What the task asks:
Copy, exactly as written, the lines that begin at the one containing "Polygold E6s True" and end at the one containing "The skeleton onesie fully zipped up.". Skip any pictures in the data below.

Data extracts:
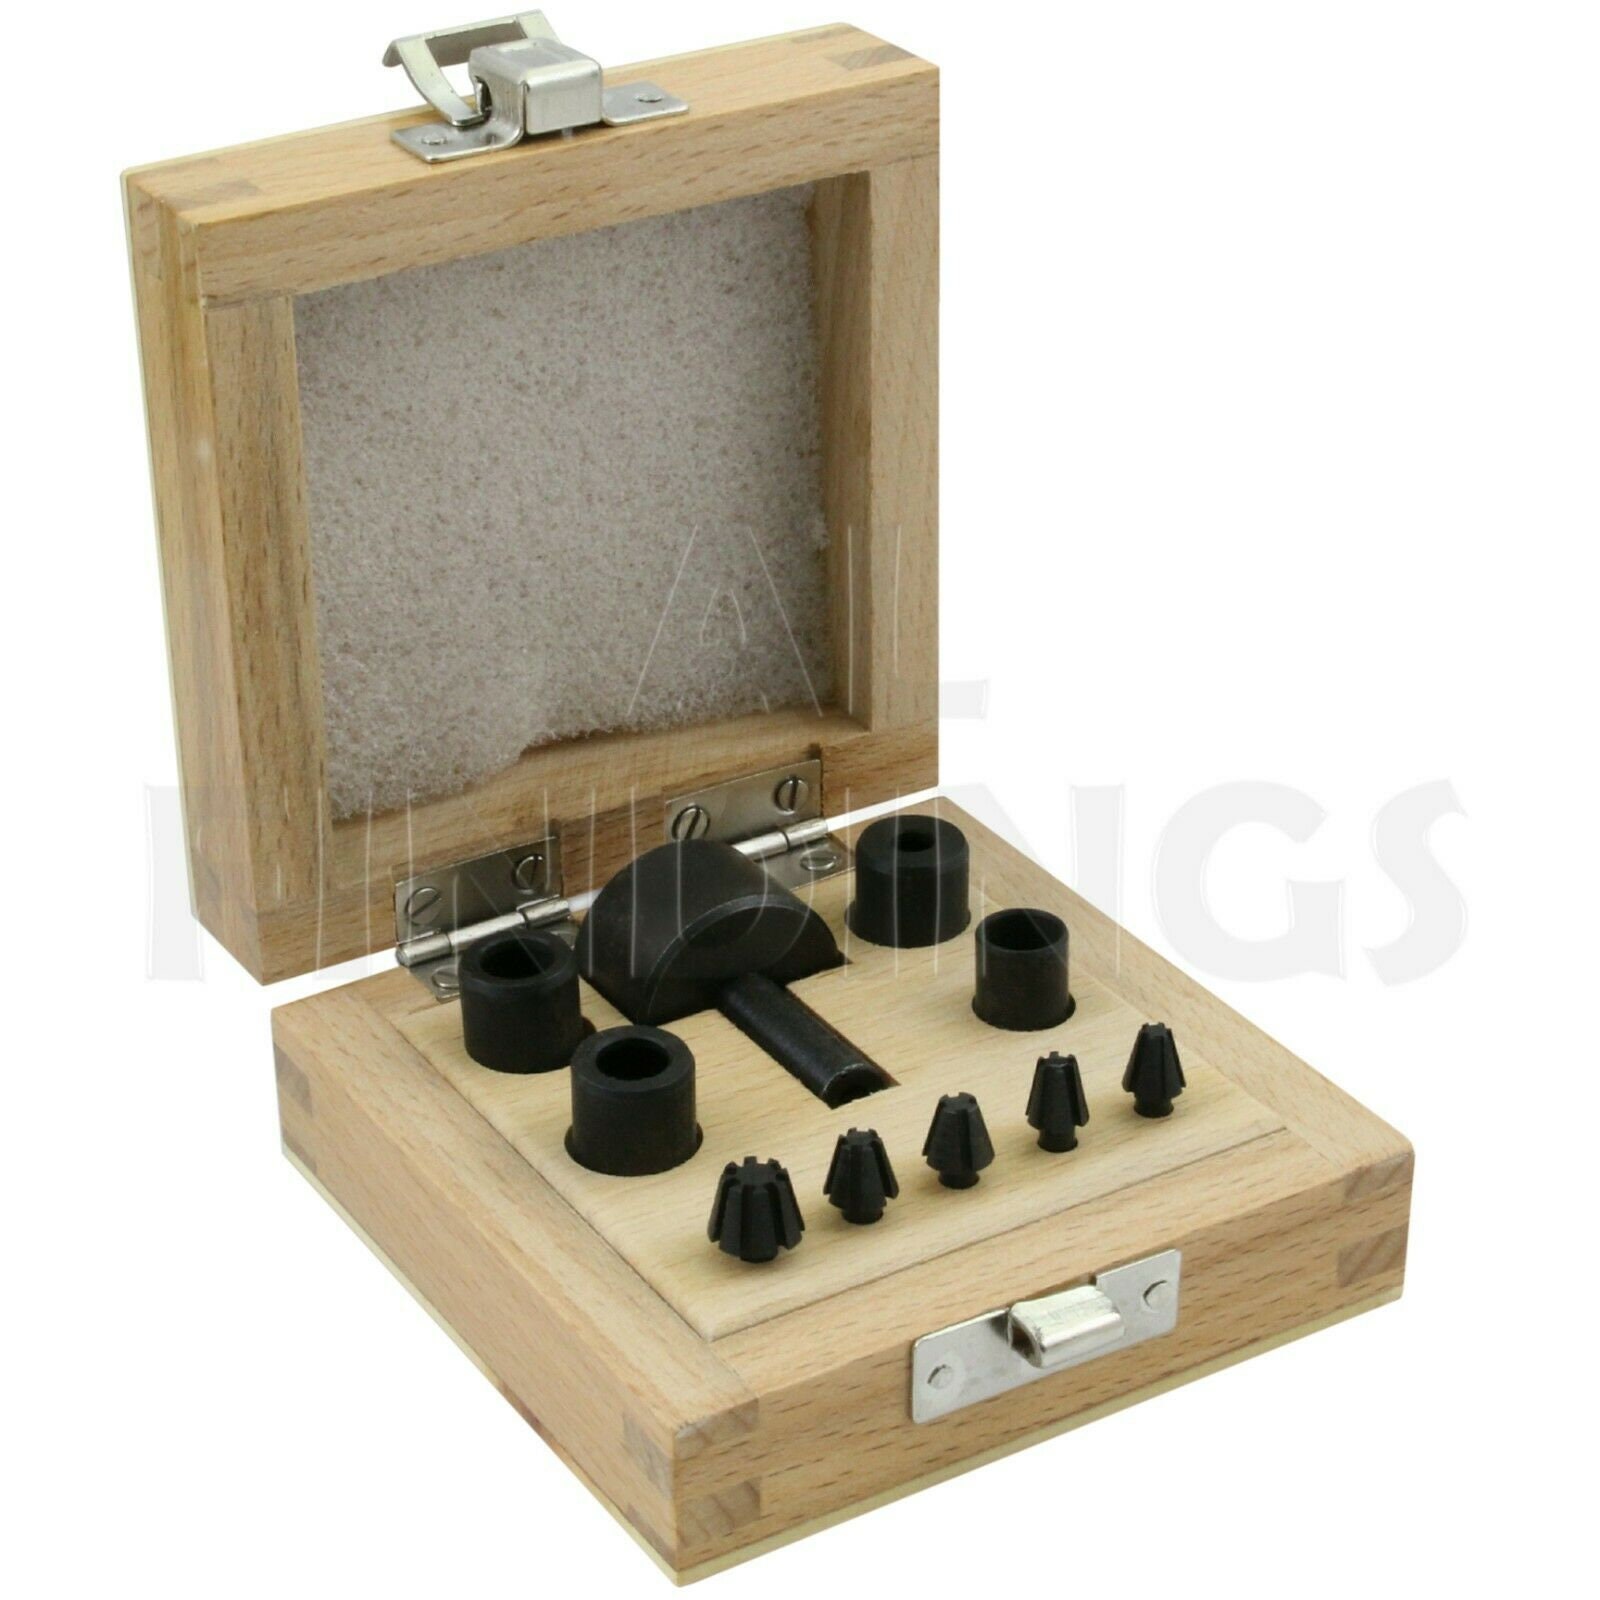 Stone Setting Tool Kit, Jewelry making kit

...

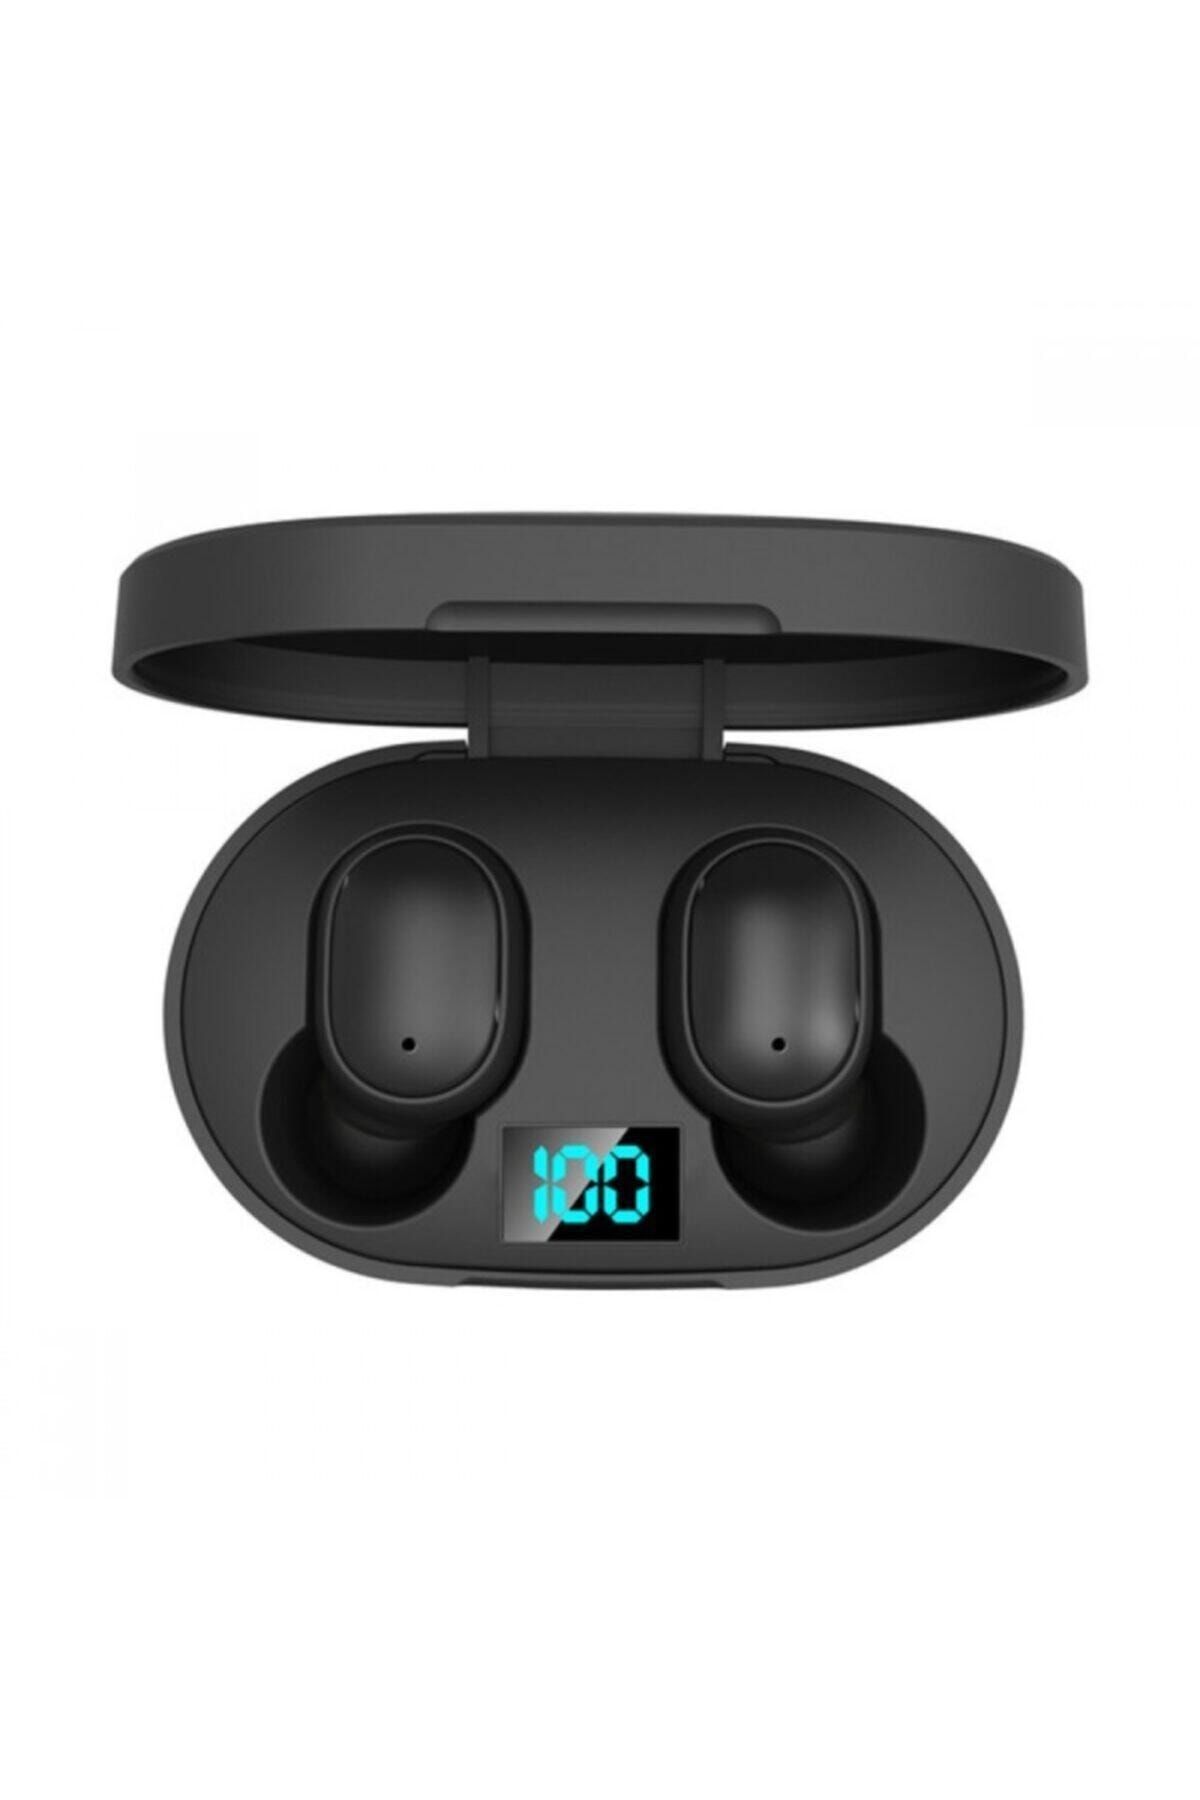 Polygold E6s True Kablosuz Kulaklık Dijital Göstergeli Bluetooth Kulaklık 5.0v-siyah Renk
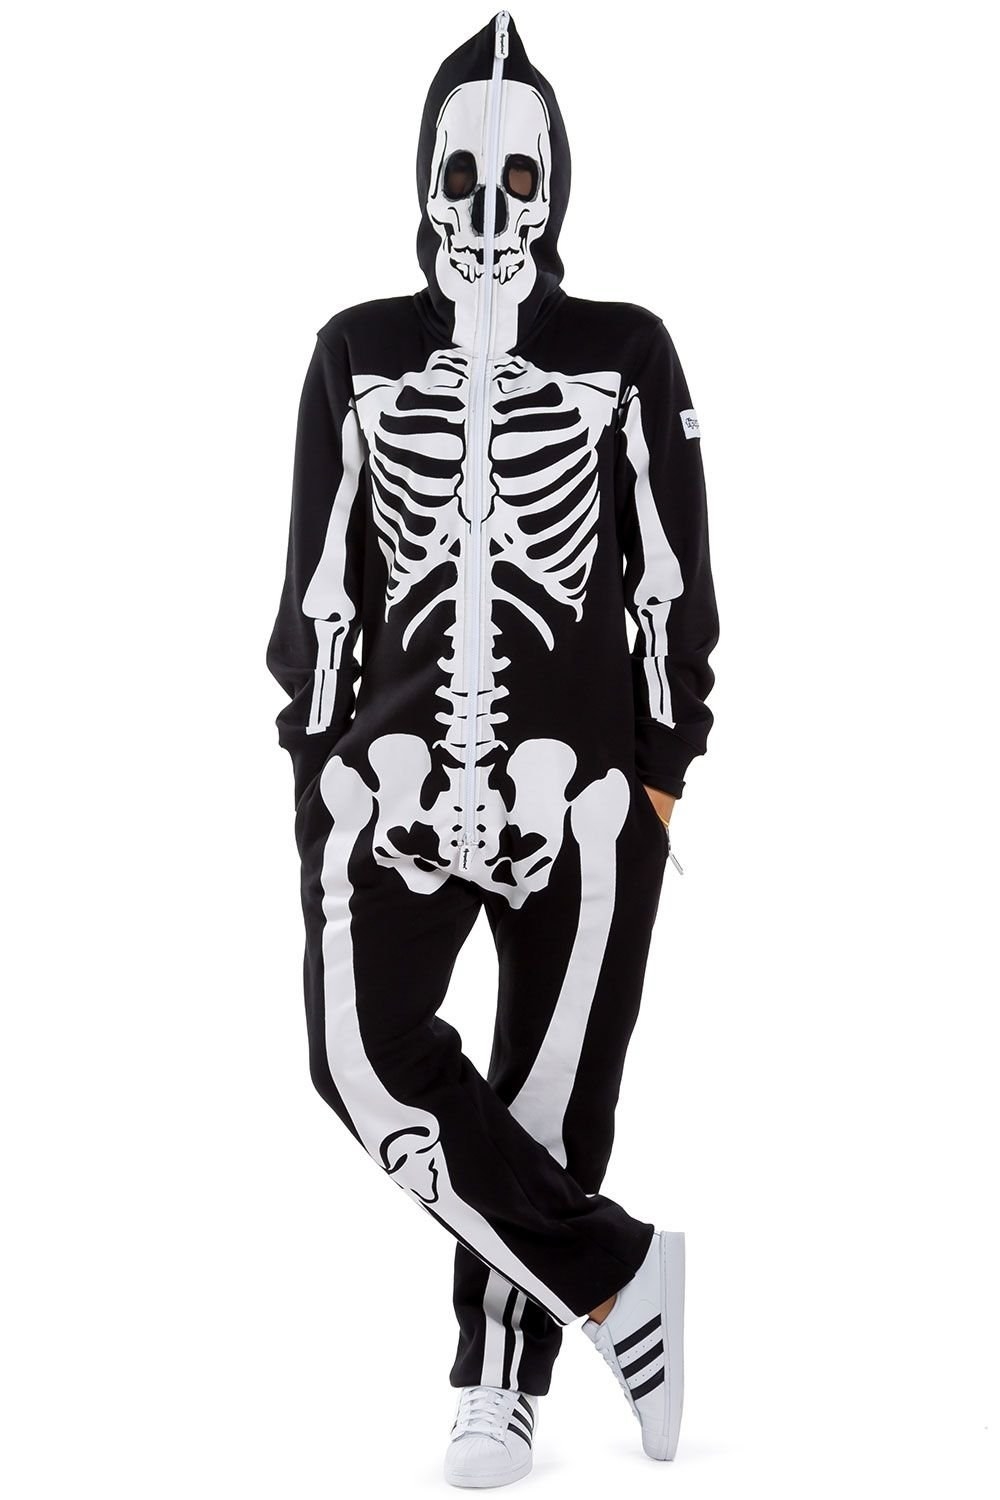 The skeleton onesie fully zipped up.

---

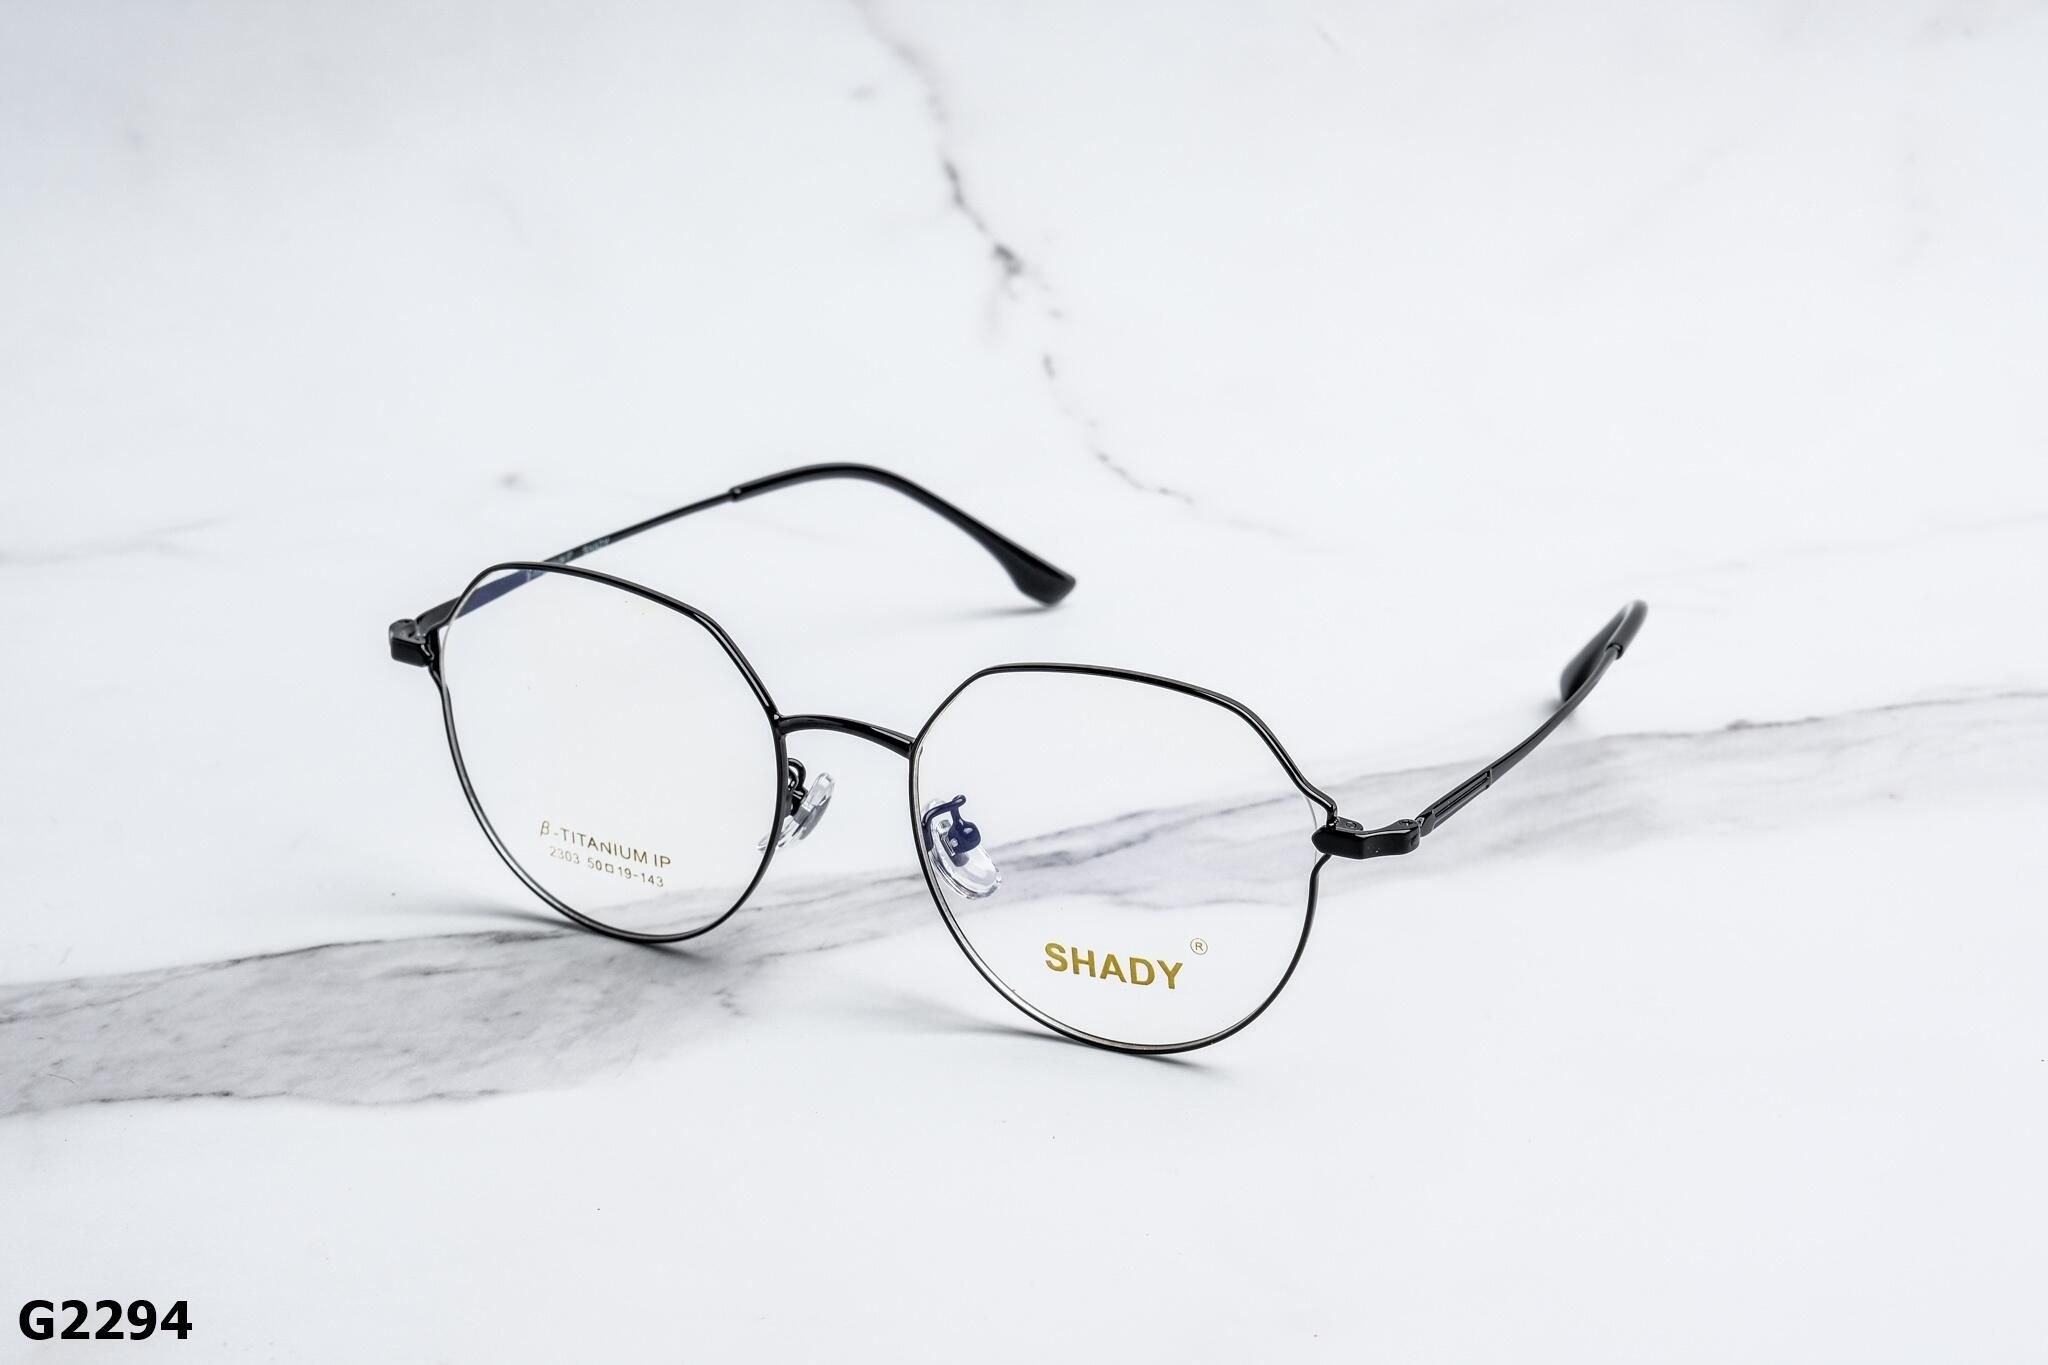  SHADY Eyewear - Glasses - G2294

Answer to this problem:
 Polygold E6s True Kablosuz Kulaklık Dijital Göstergeli Bluetooth Kulaklık 5.0v-siyah Renk
 The skeleton onesie fully zipped up.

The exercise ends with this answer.